今回のコンテストは、この研究開発成果を基に、新たな数式によるもの、複数の数式を組み合わせたもの、アルゴリズム的に生成するもの、これらを組み合わせたものなどを新たな発想で開発したモジュールを競うものだとNEDOでは説明しているほか、生成する画像を増やした時に、認識性能が向上する(特徴量空間の網羅性が向上する)仕組みを含んだ画像生成手法とすることが求められるともしている。

開発されたモジュールはHPO(Hyperparameter Optimization)ライブラリ「aiaccel」で動作するように開発することが求められ、その評価は産総研のスーパーコンピュータ(スパコン)「ABCI(AI Bridging Cloud Infrastructure)」を用いて行われる予定となっている。また、評価自体は、提出されたモジュールで作成した事前学習モデルを他のデータセットに適用した場合でも、高い識別率を実現するかどうかが基準になるとしている。
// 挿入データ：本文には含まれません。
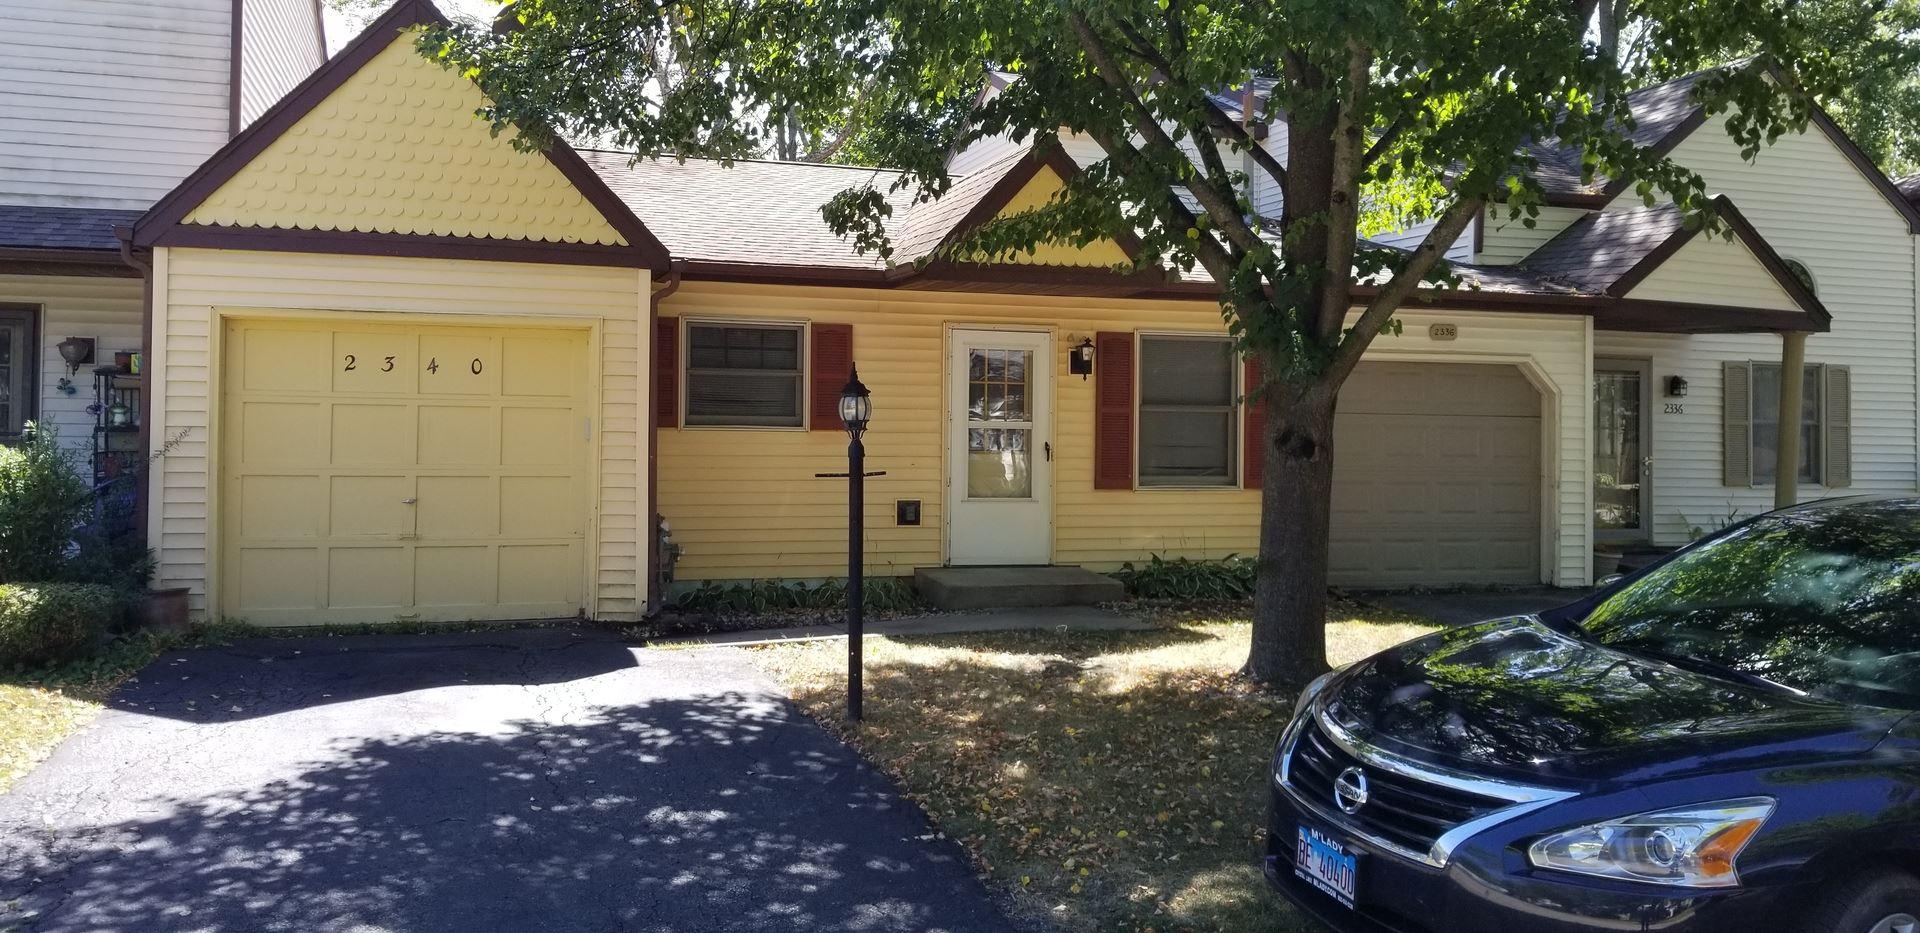 2340 Linden Drive #2340, Woodstock, IL 60098 - #: 10892466

今回のコンテストの運営はNEDOからの委託によりSIGNATEが担当。7月18日時点ではNEDOならびにSIGNATEのWebサイト上に詳細なスケジュールを公開する予定としており、参加申し込み方法についてはSIGNATEのWebサイト上に公開予定としている。

コンテストは予選と本戦の2段階で行われ、それぞれ2.5カ月を予定。予選では、100クラス程度で評価し、上位10チーム程度が本戦への参加資格を獲得。本選では、1000クラス程度で評価が行われ、定量評価と定性評価それぞれで上位チームに賞金が与えられる。定量評価は精度をプログラムで評価し、上位3チームに120万円、100万円、80万円が授与される。一方の定性評価は、アルゴリズムの斬新さなどを、説明資料に基づき評価、上位2チームにそれぞれ50万円が授与される予定となっている。 なお、開発されたモジュールは原則としてソースコードを公開することが求められるとしている。また、経済産業省(経産省)、NEDO、産総研の3者は、こうしたコンテストの実施を通じて、産総研開発の独自画像AIソフトの発展と普及を支援する環境づくりを進めていく模様である。